Democrat Elissa Slotkin reverses on DHS funding one day after synagogue attack in her home state

 March 14, 2026

Democratic Michigan Sen. Elissa Slotkin voted to keep the Department of Homeland Security partially shut down on Thursday. By Friday, after a Lebanese national rammed a vehicle loaded with explosives into a Metro Detroit synagogue, she was at a press conference calling DHS "essential" and demanding it be funded.

That's a 24-hour conversion worth examining.

What happened at Temple Israel

DHS identified the deceased suspect as Ayman Mohamed Ghazali, a Lebanese native who became a U.S. citizen in 2016. According to Oakland County Sheriff Mike Bouchard, Ghazali allegedly rammed his vehicle into Temple Israel in West Bloomfield, Michigan, while several explosives sat in the trunk. He then engaged in gunfire with the building's security team, which caused him to die at the scene, as The Daily Caller reports.

Bouchard said "something ignited" inside the vehicle, causing it to catch fire. The security team at the synagogue stopped a man armed with explosives and a gun from carrying out what could have been a mass casualty attack on a Jewish house of worship. That fact should weigh heavily on every elected official who has spent months treating DHS funding as a political bargaining chip.

Slotkin's sudden change of heart

On Thursday, the same day the synagogue attack unfolded, Slotkin voted in favor of continuing the partial shutdown of DHS. She had been consistent on this point.

In a Jan. 31 statement, she explained that she voted against funding DHS because of the deaths of Renee Good and Alex Pretti, both shot by immigration enforcement when they protested their operations in Minneapolis, Minnesota.

Then came Friday's press conference. Slotkin struck a markedly different tone:

"Certainly in Michigan, we have a ton of DHS folks, CBP and so they are on the call and they are doing their jobs. Certainly, we need to fund the Department of Homeland Security and we need, in my view, to cut away all the conversation on ICE, which is its own conversation, from all of the core missions at the Department of Homeland Security. But they're essential, they are on the job and they are working today."

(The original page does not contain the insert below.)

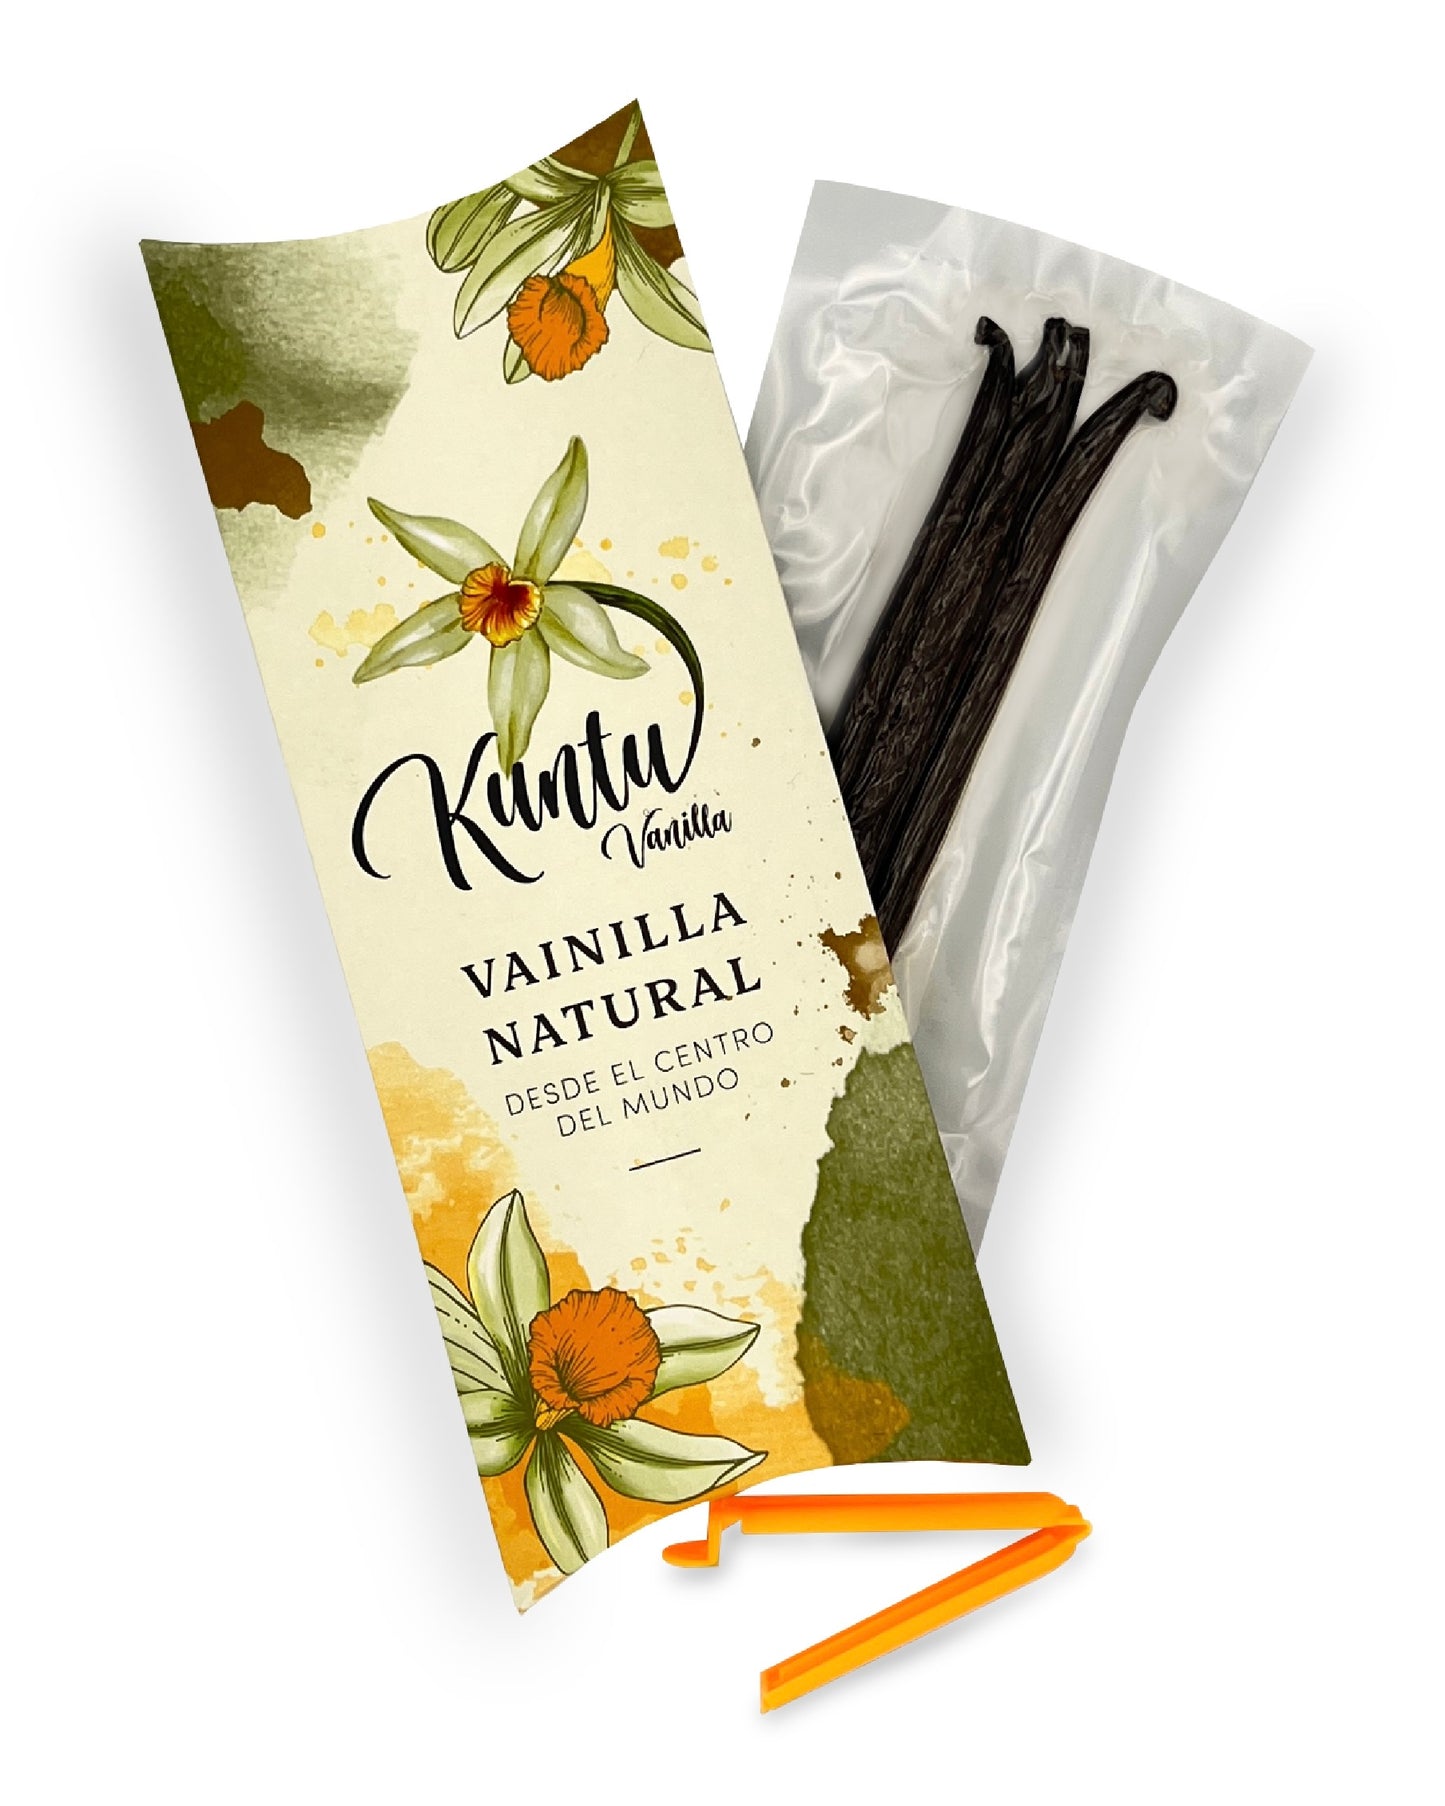 20g (5-6 pieces) gourmet vanilla beans grade A (15-18cm) vacuum packed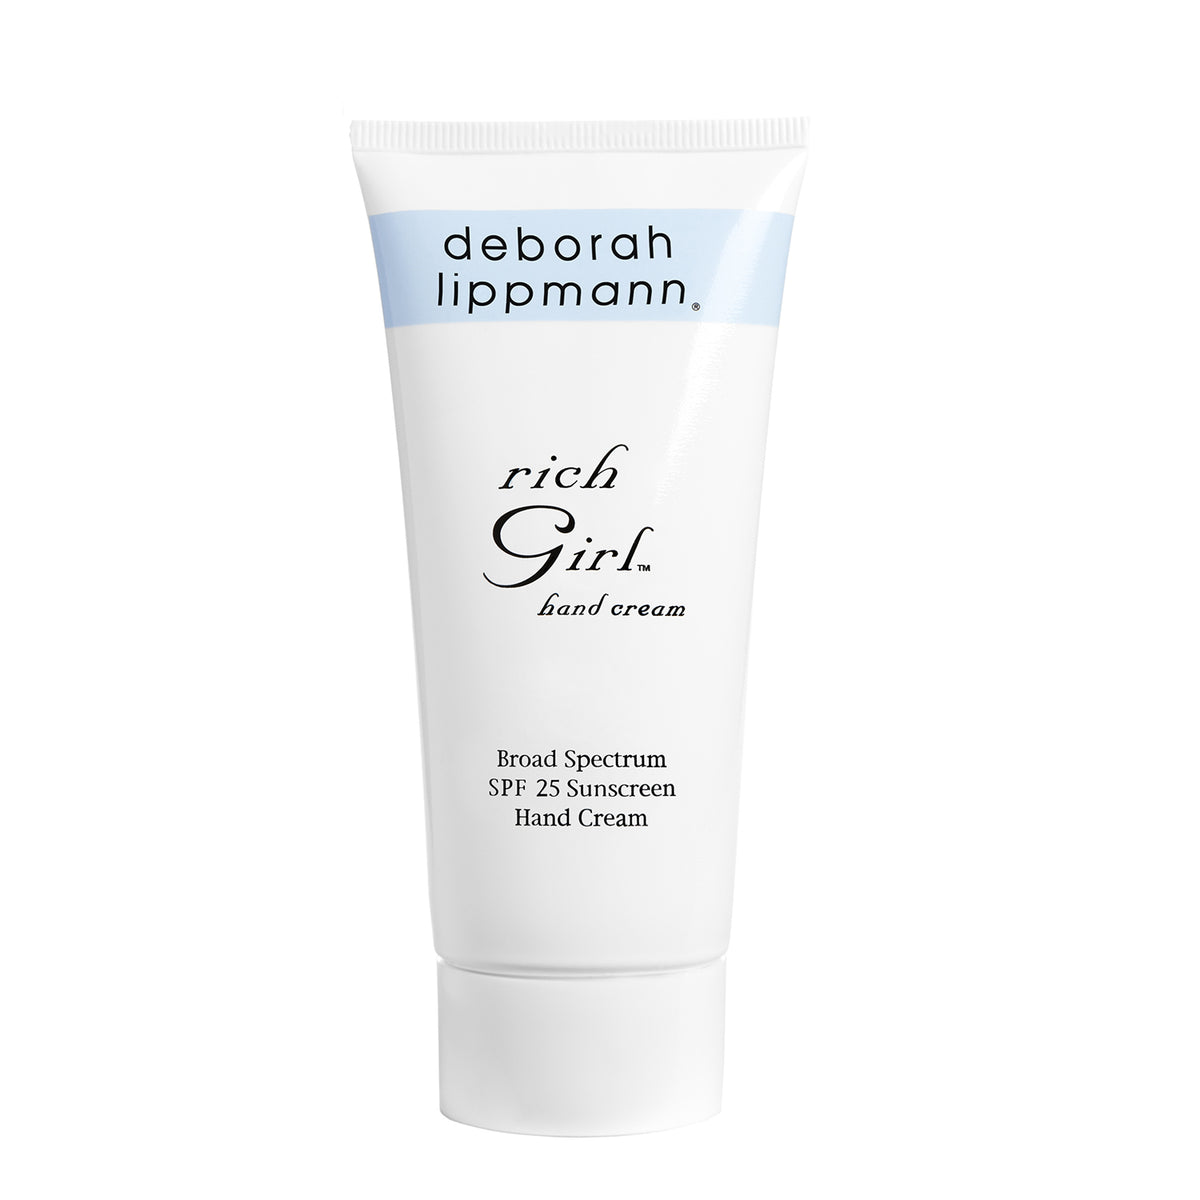 Rich Girl - SPF Hand Cream - Deborah Lippmann

Read that carefully. On Thursday, DHS didn't deserve funding because of events in Minneapolis. On Friday, DHS was "essential" because a terrorist attacked a synagogue in her state. The agency's mission didn't change overnight. Its political utility did.

The ICE carve-out

Notice the maneuver embedded in Slotkin's statement. She wants to "cut away all the conversation on ICE" from the rest of DHS. This is the Democratic playbook in miniature: fund the parts of homeland security that are politically convenient while isolating immigration enforcement as something separate, something expendable, something to be negotiated away.

ICE is not a side conversation. It is a core component of the agency tasked with keeping Americans safe. You cannot claim DHS is essential while carving out the branch responsible for interior immigration enforcement and treating it like an optional add-on. Either homeland security matters or it doesn't.

Slotkin is not alone in this posture. The Senate has yet to reach a deal on immigration reforms, and the partial DHS shutdown has dragged on with real consequences.

The Transportation Security Administration has called on Democrats to end the shutdown, as TSA employees have now worked without pay for the third time in nearly six months. This is happening during the spring break travel season, with lengthy lines forming at airports across the country.

Democratic Pennsylvania Sen. John Fetterman was the only member of his party to support the full-year appropriations bill for DHS. One senator out of the entire Democratic caucus was willing to fund the department responsible for border security, counterterrorism, and airport screening. Every other Democrat held the line.

That's the context in which a man drove a car full of explosives into a synagogue.

What the pattern reveals

The left's relationship with DHS funding follows a predictable cycle. When immigration enforcement actions produce politically useful images or incidents, DHS is the villain, and its funding becomes leverage. When an attack on American soil reminds everyone why the agency exists, suddenly it's essential and must be funded immediately.

This is not principled governance. It is crisis management dressed up as policy. The same agency Democrats spent weeks starving of resources became indispensable the moment a terror attack landed in a swing-state senator's backyard.

Slotkin's reversal tells you everything about how seriously her caucus takes homeland security as a governing priority versus a political instrument.

DHS agents were already on the job Thursday when she voted to keep them working without full funding. They were on the job when the synagogue was attacked. They will be on the job next week regardless of what the Senate does.

The question is whether Democrats will fund them only when the news cycle demands it, or whether they'll acknowledge what the security team at Temple Israel demonstrated with their own lives on the line: protecting Americans is not a part-time commitment.